- _Your instructions_
The response should consist of the data below, copied exactly, with no pictures in it.

- _Dataset extract_
*** Begin section ***

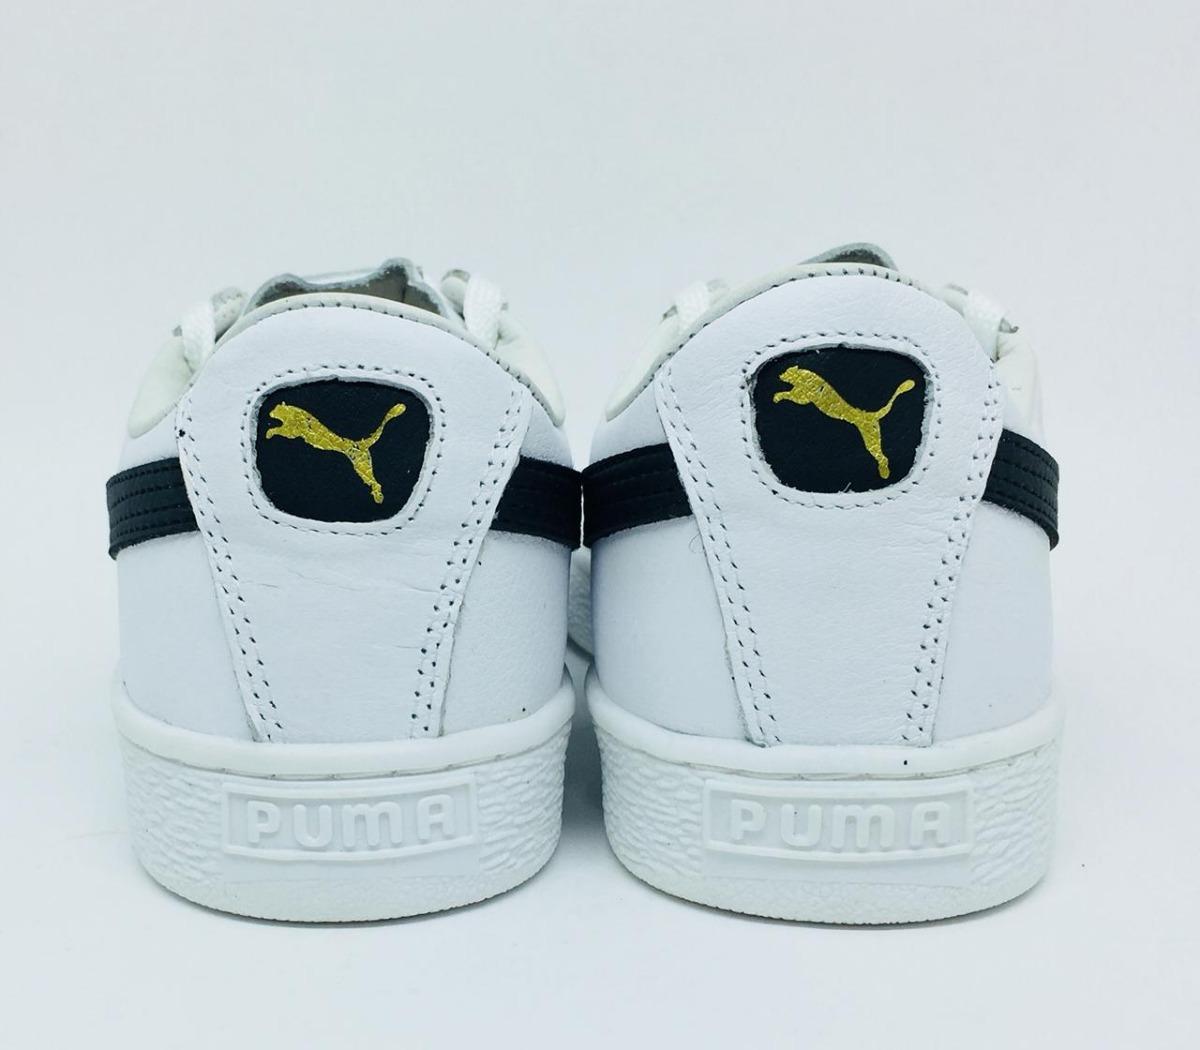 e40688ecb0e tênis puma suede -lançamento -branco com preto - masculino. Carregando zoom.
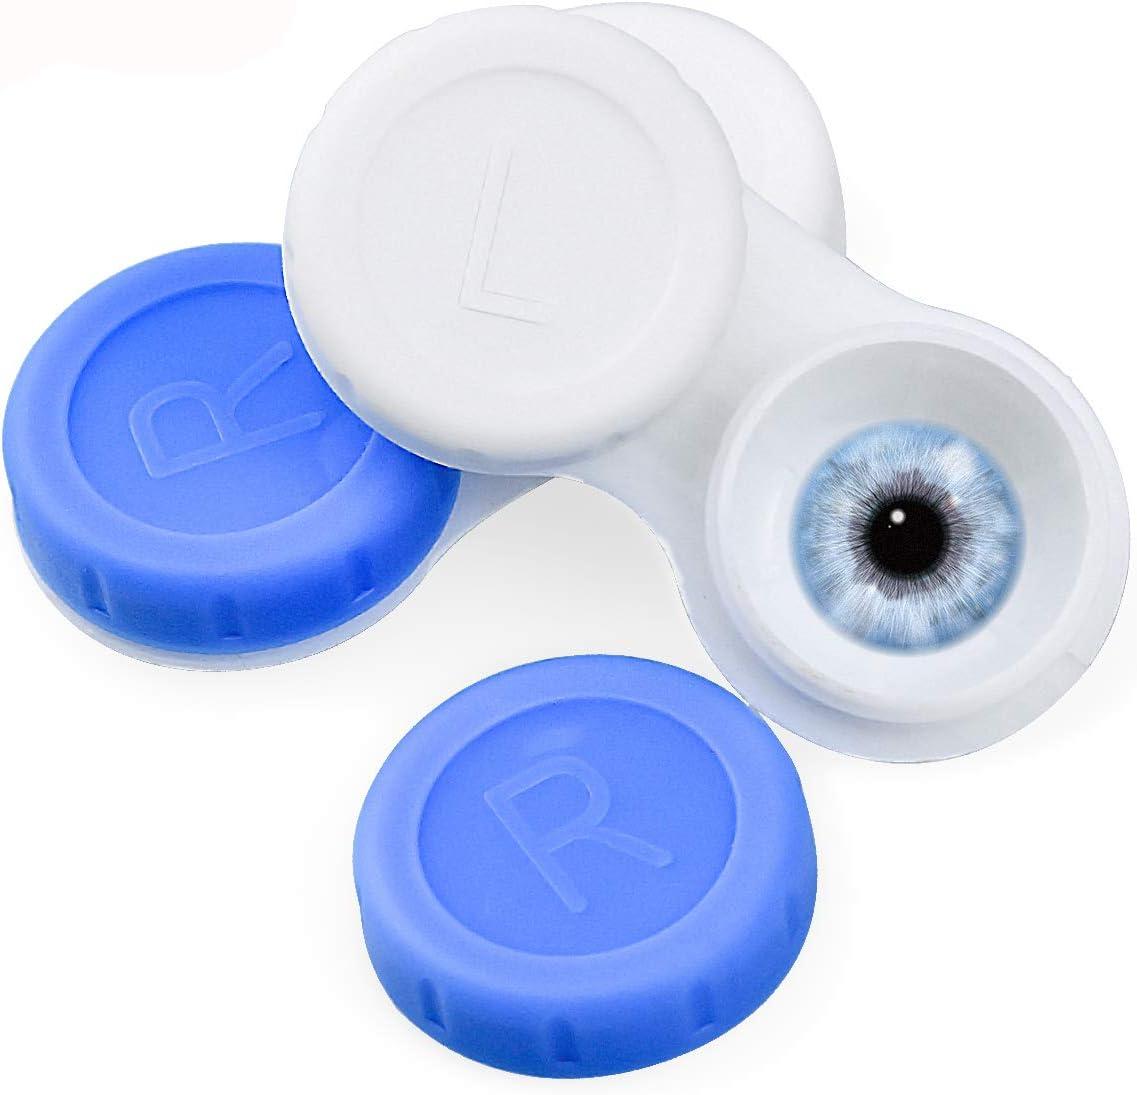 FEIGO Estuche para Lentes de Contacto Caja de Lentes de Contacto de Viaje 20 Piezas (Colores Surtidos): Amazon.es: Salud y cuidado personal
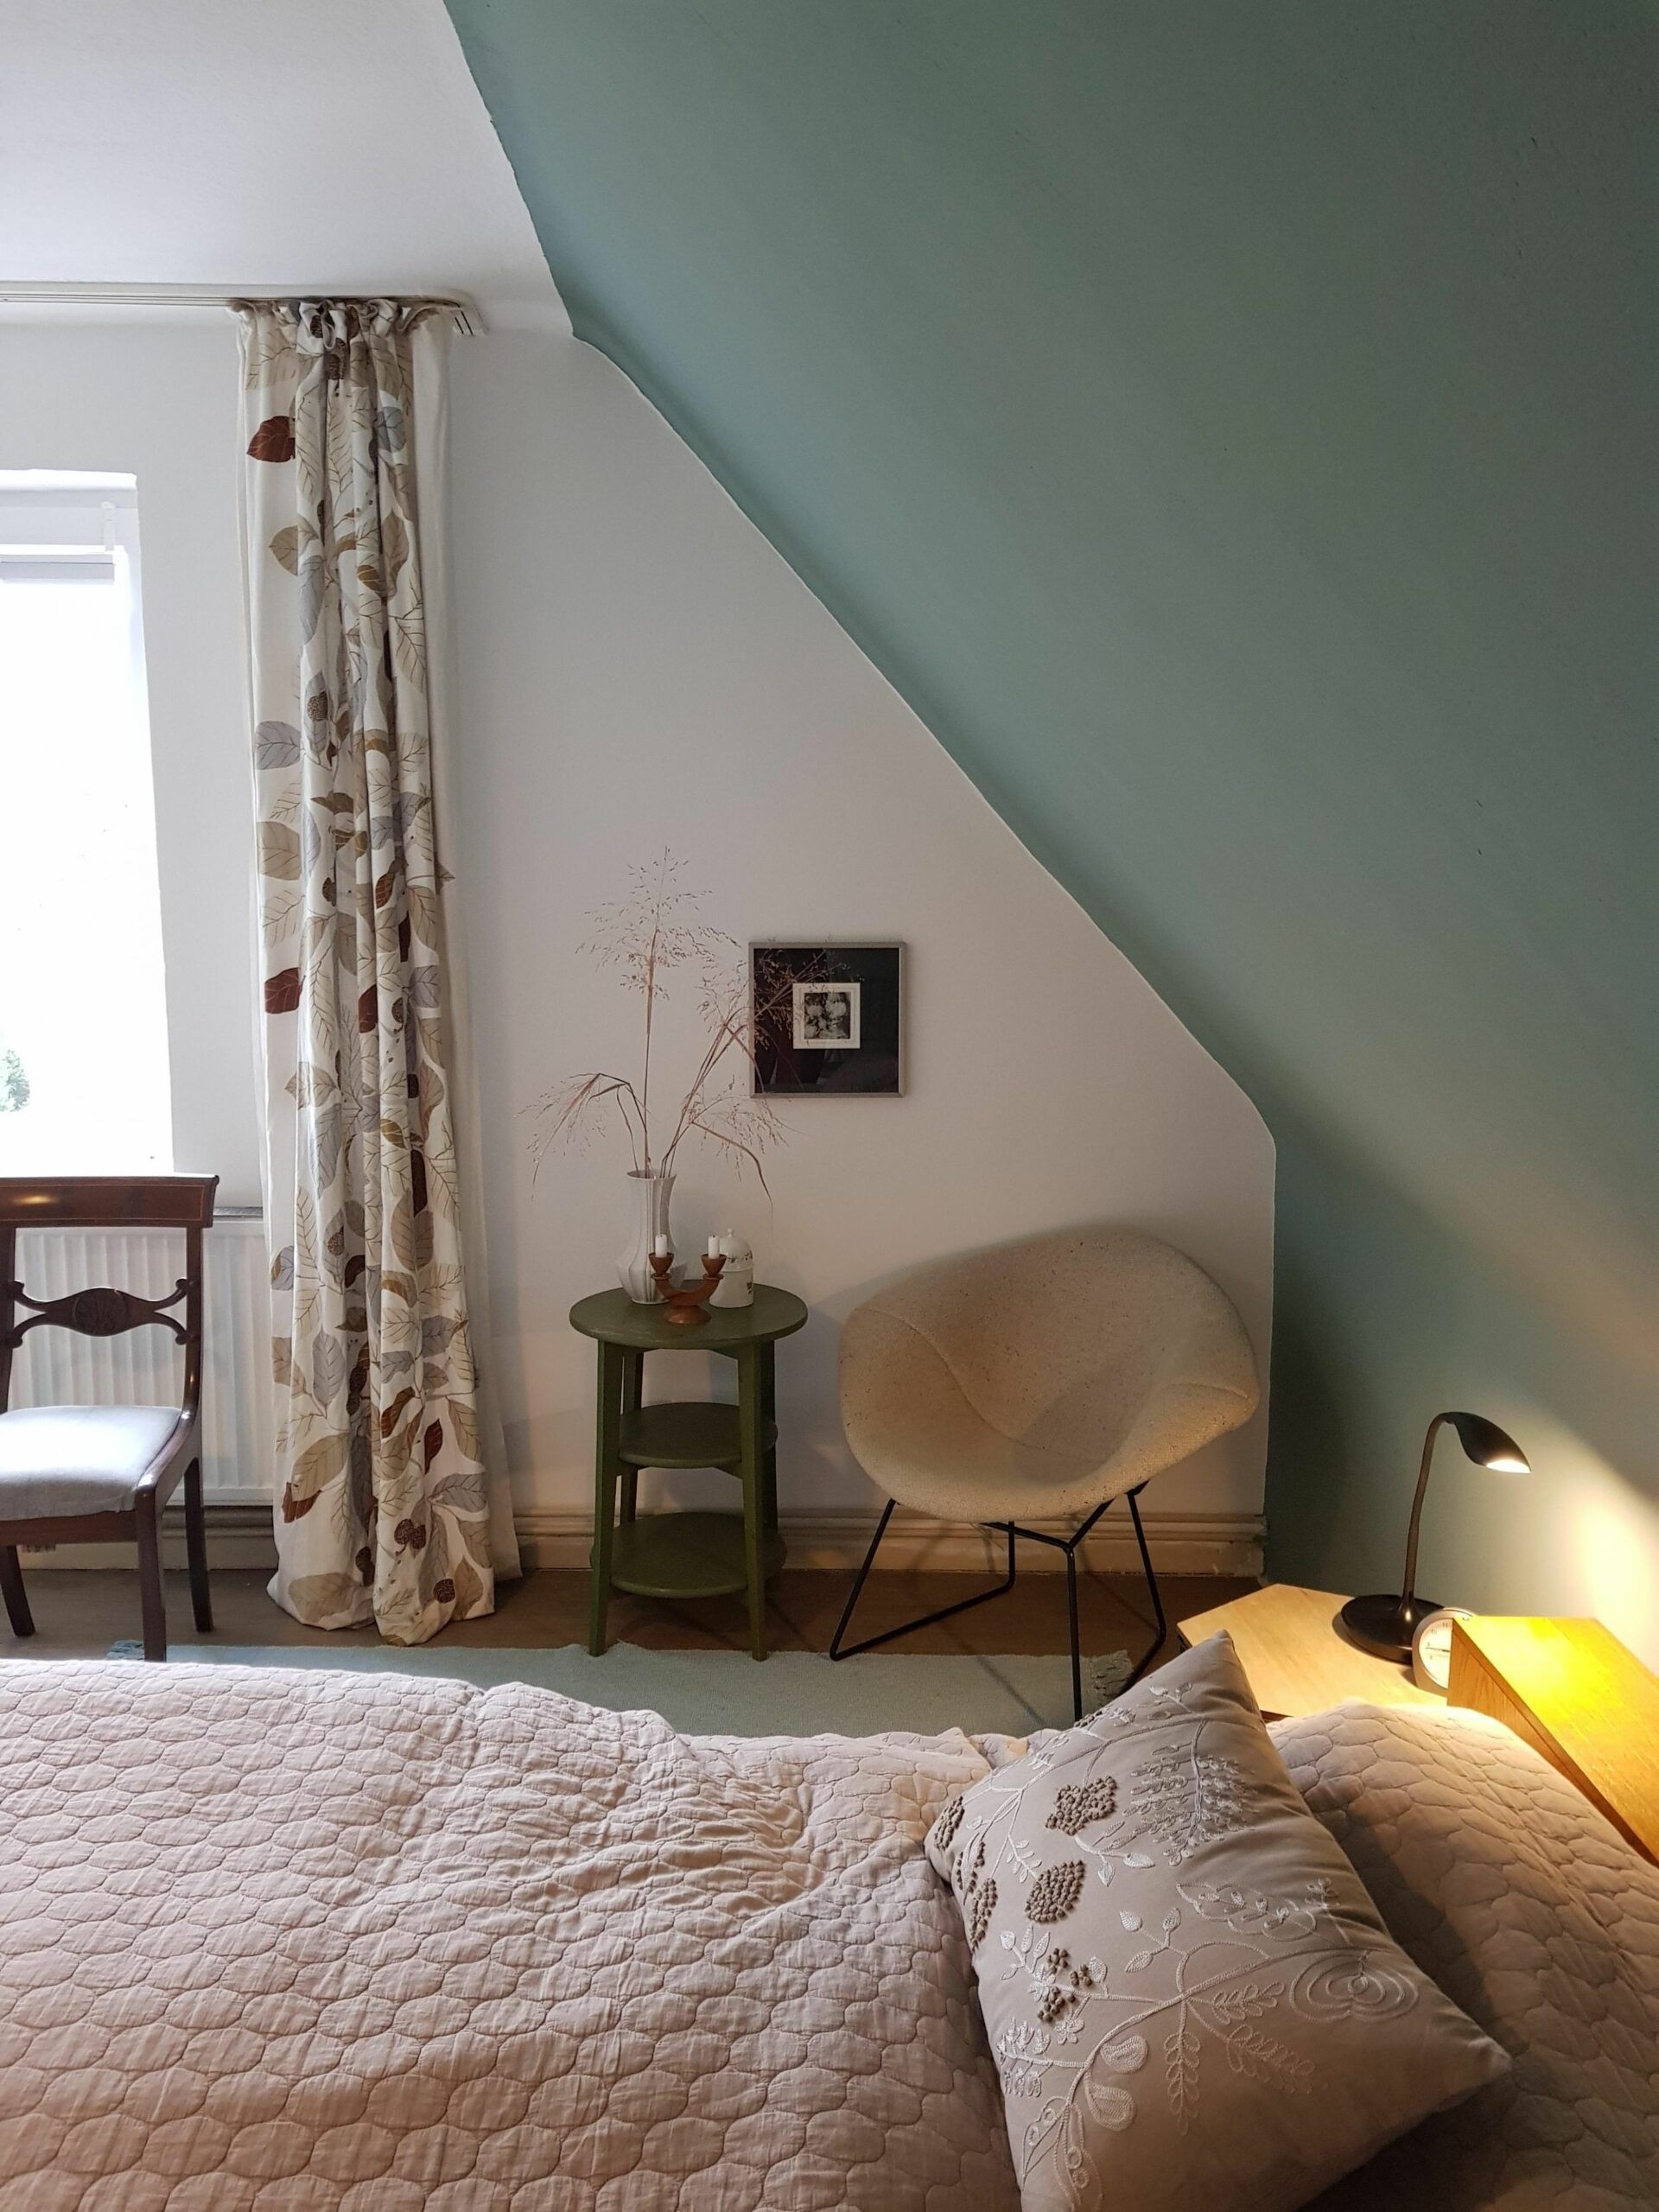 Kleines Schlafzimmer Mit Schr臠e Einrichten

*** End section ***

- _Response to this exercise_
 e40688ecb0e tênis puma suede -lançamento -branco com preto - masculino. Carregando zoom.
 FEIGO Estuche para Lentes de Contacto Caja de Lentes de Contacto de Viaje 20 Piezas (Colores Surtidos): Amazon.es: Salud y cuidado personal
 Kleines Schlafzimmer Mit Schr臠e Einrichten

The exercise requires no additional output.